Re: Can I solve that with Runge-Kutta?

sali0090_at_tc.umn.edu
Date: 03/22/05


Date: 21 Mar 2005 22:16:37 -0800

The simplest integration method for an SDE with the form:

dXi = ai(X) dt + bi(X)*dW, i = 1... M

is the Euler-Maruyama method, which is:

Xi|t+deltat = Xi|t + ai(X|t) * deltat + sqrt(bi(X|t) * deltat) *
N(0,1), i = 1... M

where N(0,1) is a normal Gaussian distributed random number.

(Notation: X is a Mx1 vector, Xi is the ith element of that vector.
Same thing for a, b)

The easiest way to generate N(0,1) is the Box-Muller method.

The global strong error of this method is proportional to sqrt(deltat).
The strong error is the error between trajectories of the numerical and
exact solution.
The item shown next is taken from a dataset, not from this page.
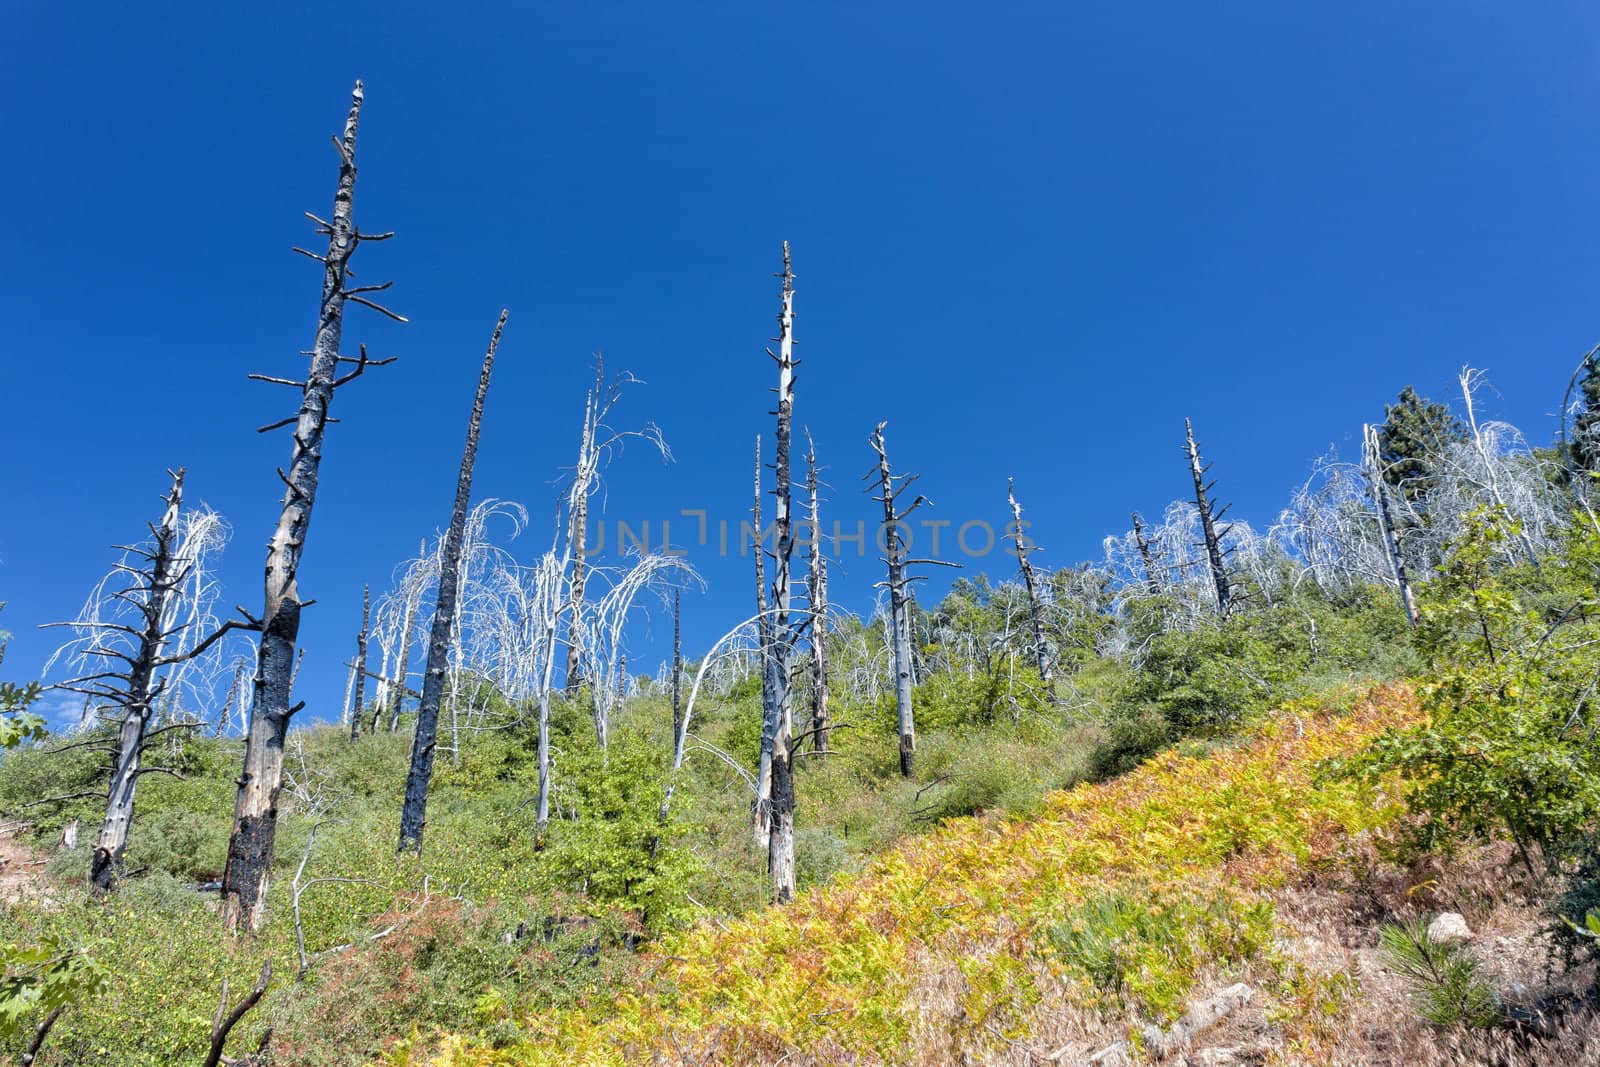 Forest Fire Damage in the San Bernardino National Forest

The global weak error is O(deltat). The weak error is
the error between the probability distributions of the numerical and
exact solution. For comparison, note that the ODE version of the Euler
method has a global error of O(deltat).

There are also the Milstein and Platen explicit methods. Also
semi-implicit, balanced implicit, and adaptive time stepping methods.

The numerical implementation of the higher order methods gets much more
complicated than their ODE cousins.

Hope that helps a bit. But, to get the full story, you should pick up
Kloeden & Platen's book (a good suggestion by an above poster!).